EXTRACTED RECORDS
[Start of section]

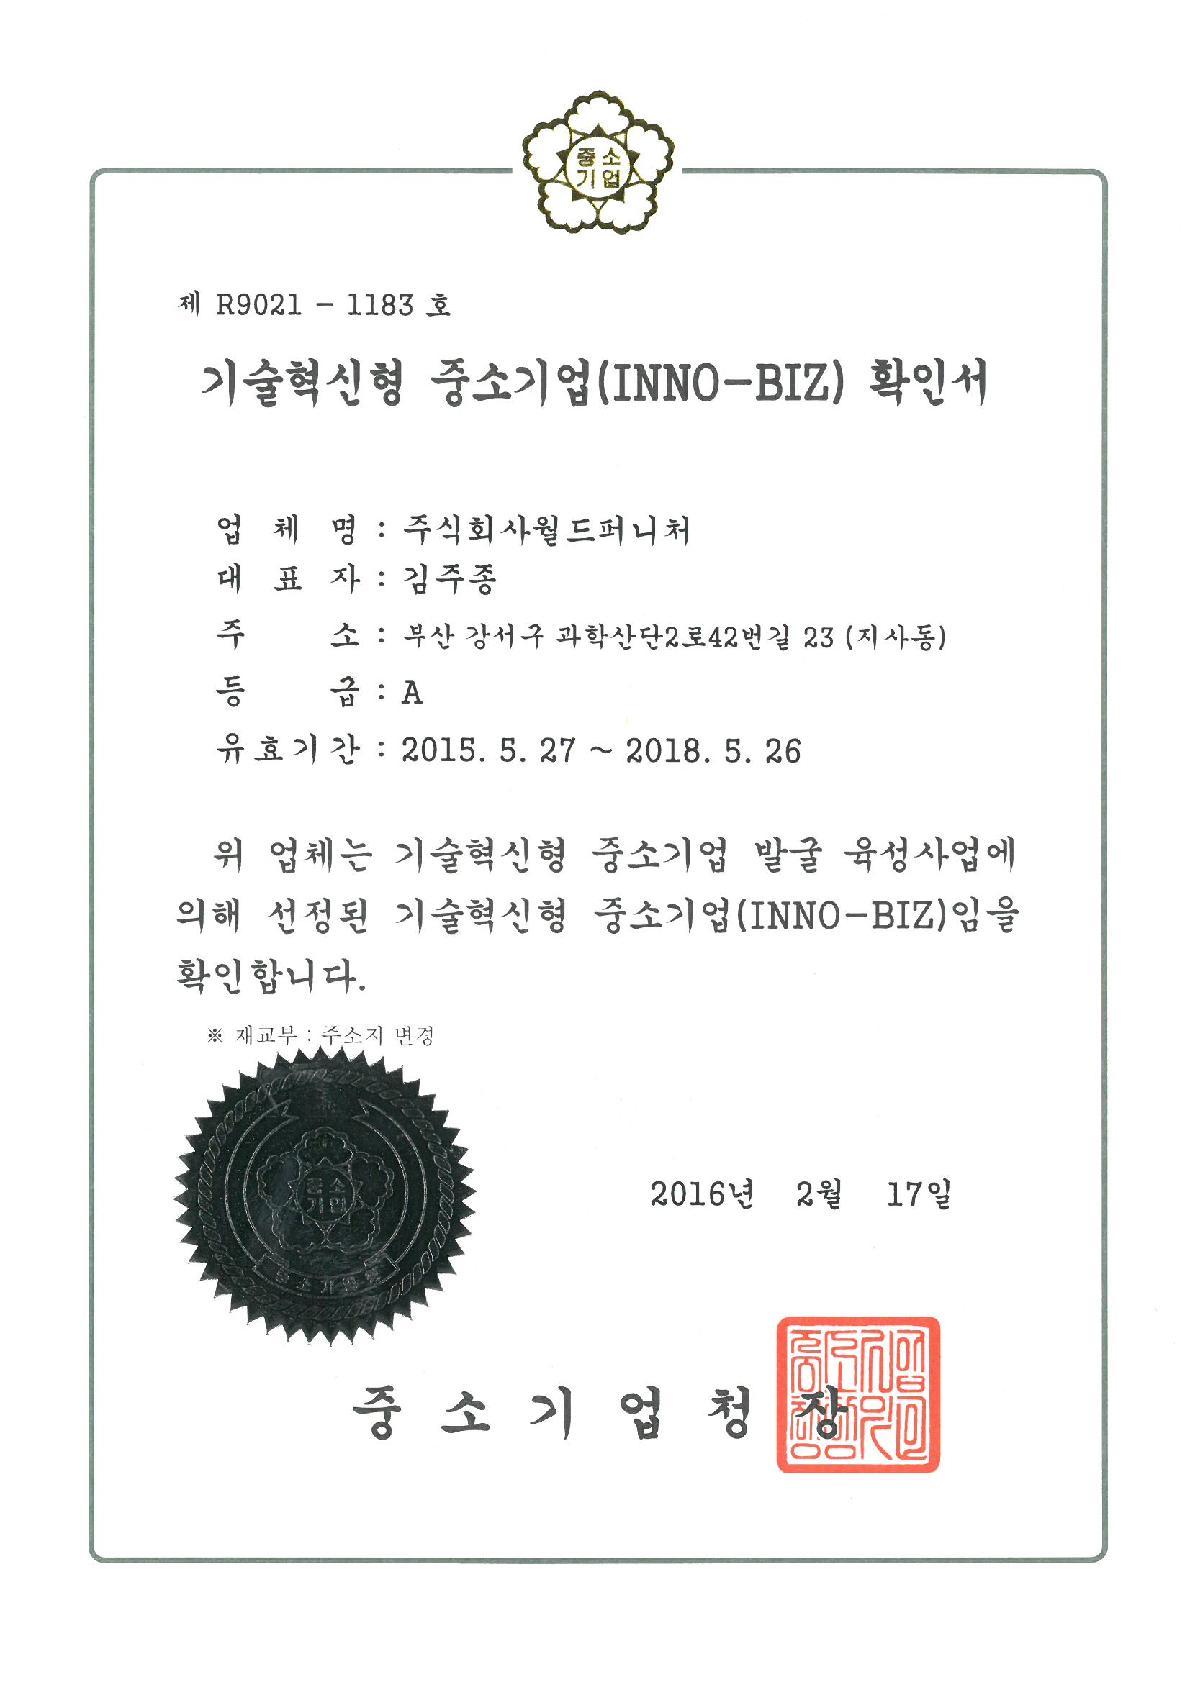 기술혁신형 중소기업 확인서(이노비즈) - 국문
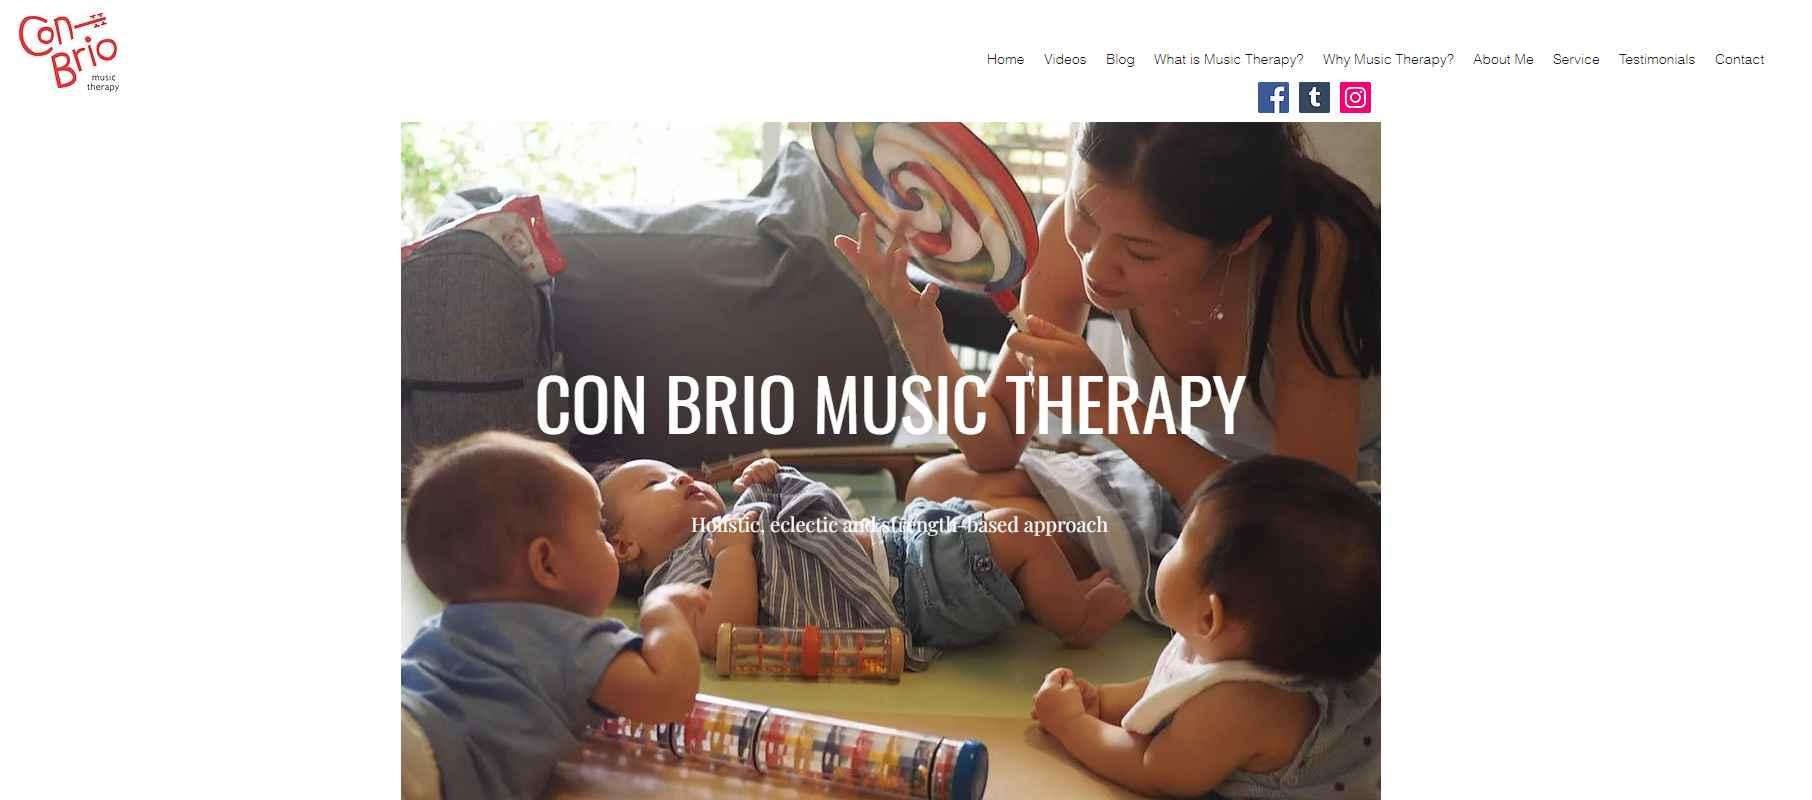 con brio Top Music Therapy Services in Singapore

[End of section]
[Start of section]

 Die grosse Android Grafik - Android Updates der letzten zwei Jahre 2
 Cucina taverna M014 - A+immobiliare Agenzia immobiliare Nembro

[End of section]
[Start of section]

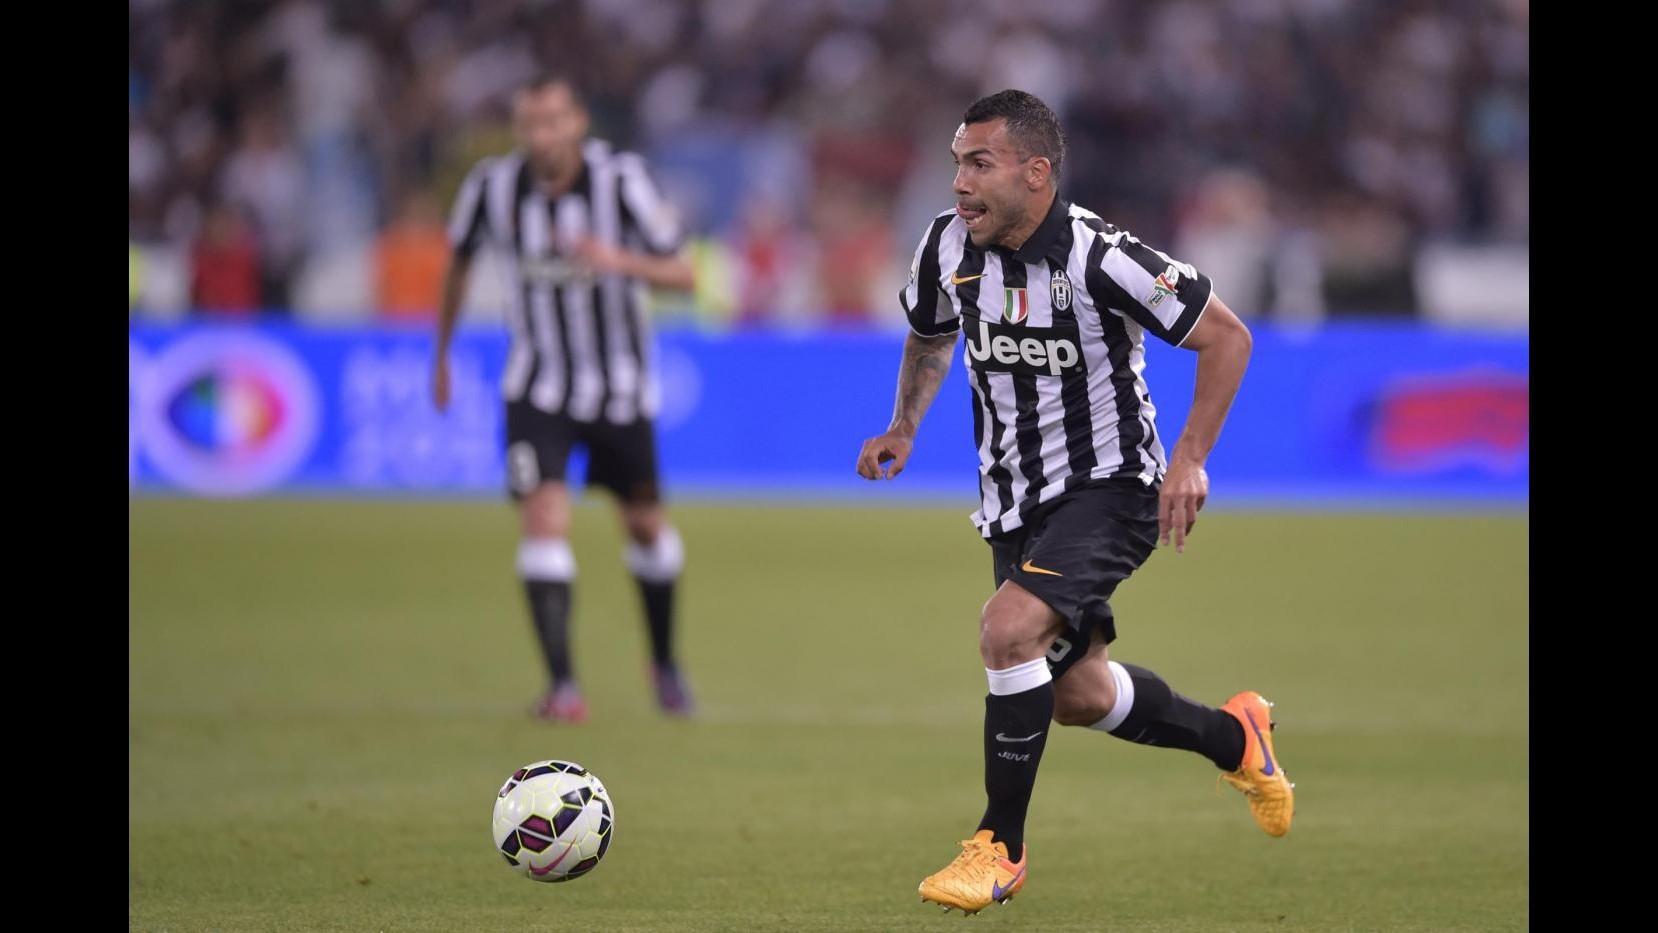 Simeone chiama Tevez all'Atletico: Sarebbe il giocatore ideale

[End of section]

Return word for word the lines of the listing above, starting at the line with "기술혁신형 중소기업 확인서(이노비즈) - 국문" and ending at the line with "con brio Top", both included. Pictures do not belong in the copy.

OUTPUT BELOW
 기술혁신형 중소기업 확인서(이노비즈) - 국문
 con brio Top Music Therapy Services in Singapore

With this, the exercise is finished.